Oleh : Oriel Calosa
SuaraKita.org – Waroeng HAM adalah sebuah ruang diskusi yang diprakarsai oleh LBH APIK dan PKBI Jawa Tengah yang menginisiasi untuk dapat membahas persoalan-persoalan yang muncul di Indonesia. Kali ini, Waroeng HAM menggandeng Rumah Pelangi Indonesia untuk membahas tentang Minoritas Seksual dan Permasalahan Hukumnya yang diadakan dalam rangka memperingati Hari HAM.
Diskusi Waroeng HAM yang kali ini diadakan pada 19 Desember 2016 ini menghadirkan Dr Hastaning Sakti, M.Kes, Psikolog selaku Dekan Fakultas Psikologi UNDIP, Khoirul Anwar dari eLSA (Lembaga Study Agama), dan Oriel Calosa dari Rumah Pelangi Indonesia.
Oriel Calosa mengungkapkan bagaimana upaya proses pendampingan yang selama ini dilakukan oleh Rumah Pelangi Indonesia. Dungkapkan sepanjang 2016 telah melakukan proses pendampingan kepada korban kekerasan berbasis SOGIEB (Sexual Orientation, Gender Identity, Expression and Bodily) beberapa diantaranya mengalami kekerasan fisik dan bagaimana sulitnya kawan-kawan mengakses layanan kesehatan ketika akses kependudukannya tidak terpenuhi.
Khoirul Anwar mengungkapkan bagaimana homoseksualitas dalam perspektif Islam yang pada hakikatnya sangat familiar di jaman Nabi Muhammad, dan bahkan mempersilahkan beberapa yang disebut sebagai “khuntsa” untuk dapat berinteraksi dengan para istri rosul namun ketika mendapati ada “Khutsa palsu” dimana seseorang yang berpura-pura berperilaku feminin namun pada hakikatnya sebenarnya tetap seseorang yang merasa memiliki nafsu terhadap perempuan dan bagi orang-orang yang seperti inilah yang dilaknanti.
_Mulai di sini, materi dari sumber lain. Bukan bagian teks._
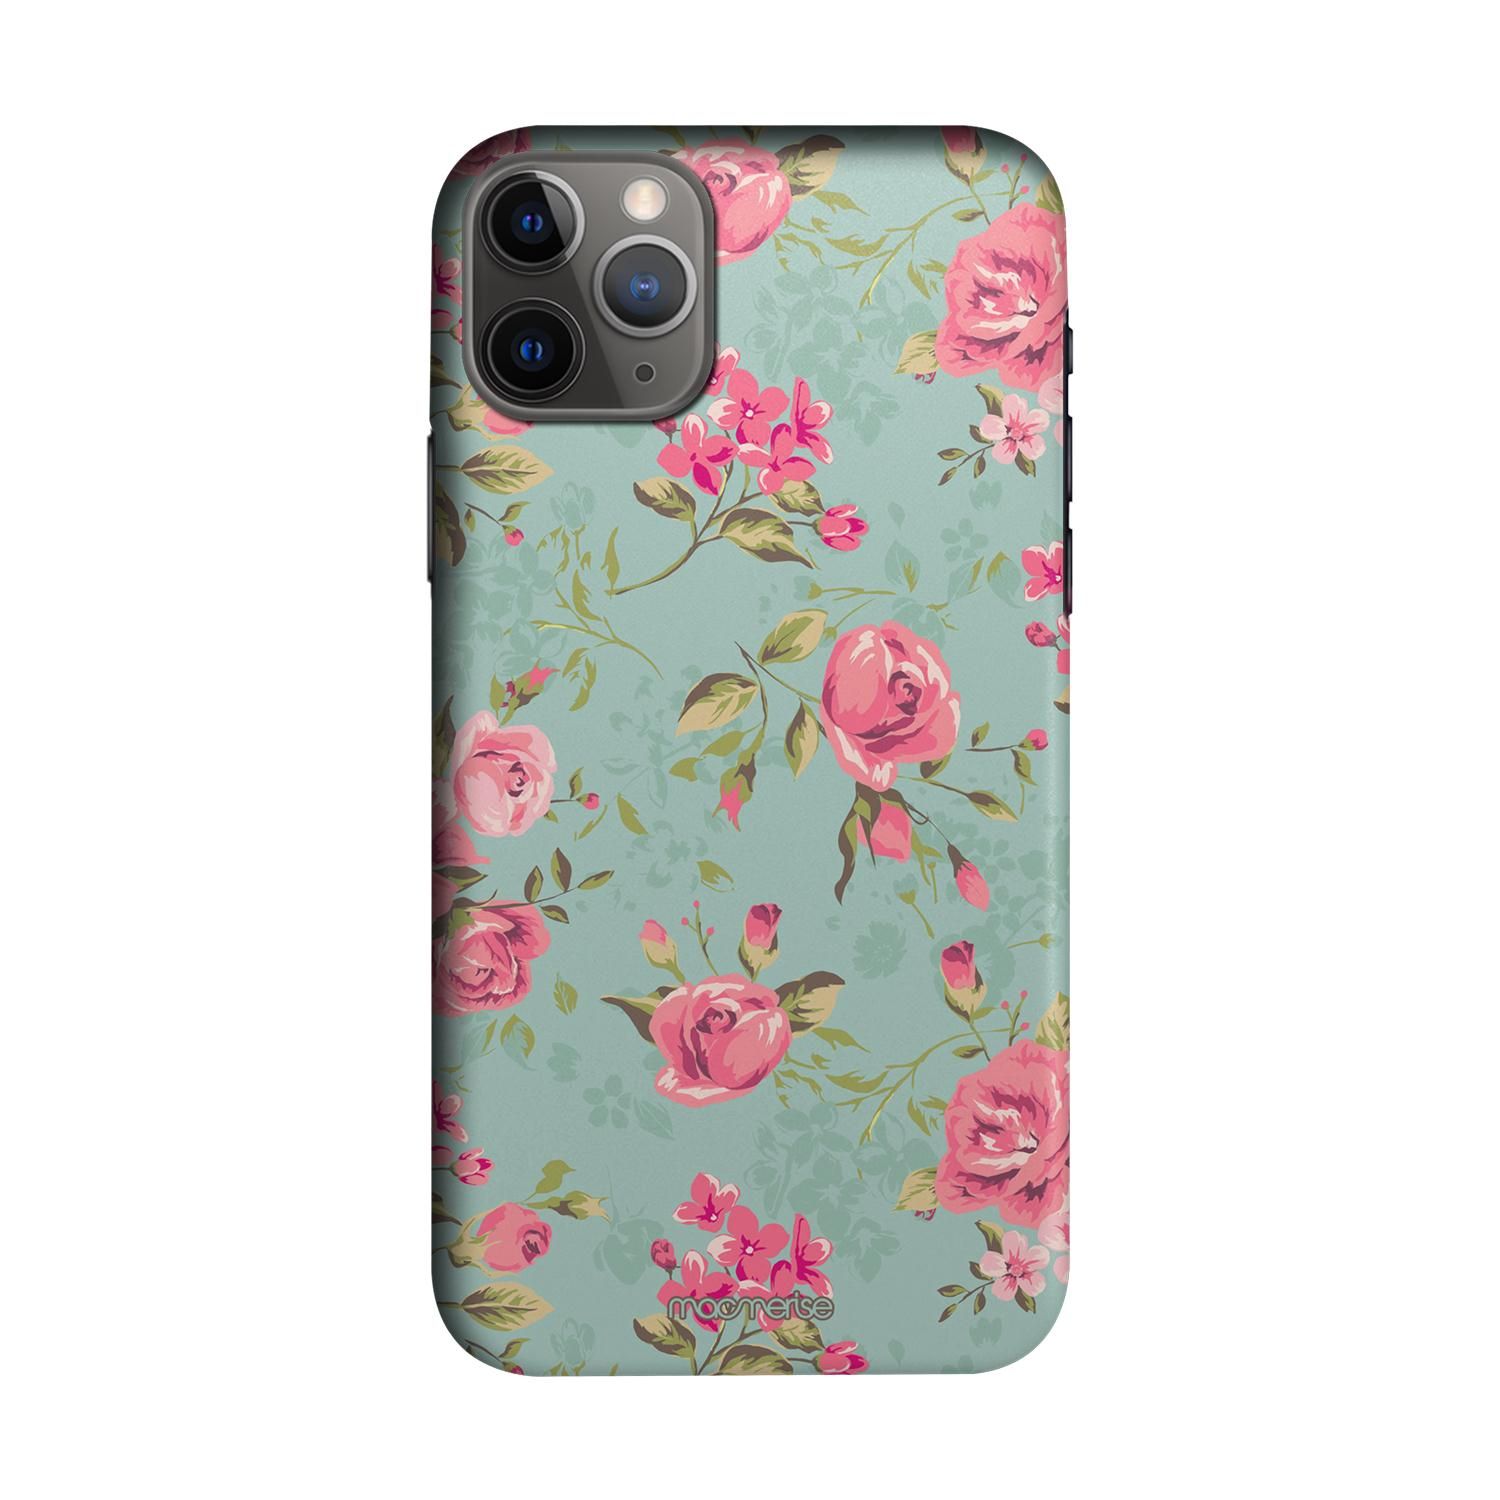 Buy Teal Pink Flowers - Sleek Phone Case for iPhone 11 Pro Online

Menurut para sarjana Islam pun pada hakikatnya memiliki beberapa pendapat yang berbeda, salah satu Ulama yang memberikan ruang terhadap homoseksualitas adalah Abu Hanifah yang menganggap bahwa seseorang yang melakukan liwath tidak diberikan sangsi kusus, bahkan bagi mereka yang Lesbian yang disebut As Shihaq tidak ada ada penentuan hukuman tertentu.
Ibu Hasta (Panggilan akrab Hastaning Sakti) mengungkapkan bahwa persoalan LGBT ini bukan lagi pada tataran Psikologi, namun justru berada pada tataran neurologi atau andrologi karena memang mekanisme otak yang saat kehamilan telah memiliki “Blueprint” semacam itu. Permasalahan LGBT hanya akan menjadi persoalan psikologi ketika mendapatkan tekanan dari lingkungan, ketika lingkungan tidak dapat memberikan ruang yang cukup luas bagi LGBT dalam mengenali identitasnya.
Selama Bu Hasta melakukan proses pendampingan, justru momen yang terpenting adalah ketika mereka yang LGBT berusaha untuk coming in dengan dirinya, itu butuh proses yang sangat sulit bahkan banyak diantara mereka yang berusaha melakukan upaya bunuh diri.
Sudah saatnya masyarakat mulai dididik untuk menerima perbedaan termasuk dalam perbedaan orientasi seksual, pendampingan juga bukan hanya dilakukan untuk LGBT namun juga justru kepada para keluarga LGBT terutama para orang tua LGBT untuk dapat menerima pendampingan psikologis. Ada ide untuk dapat mengumpulkan mereka dalam satu forum lalu masing-masing dilakukan pendalaman dengan memberikan ruang untuk mencurahkan isi hati dari masing-masing orang tua.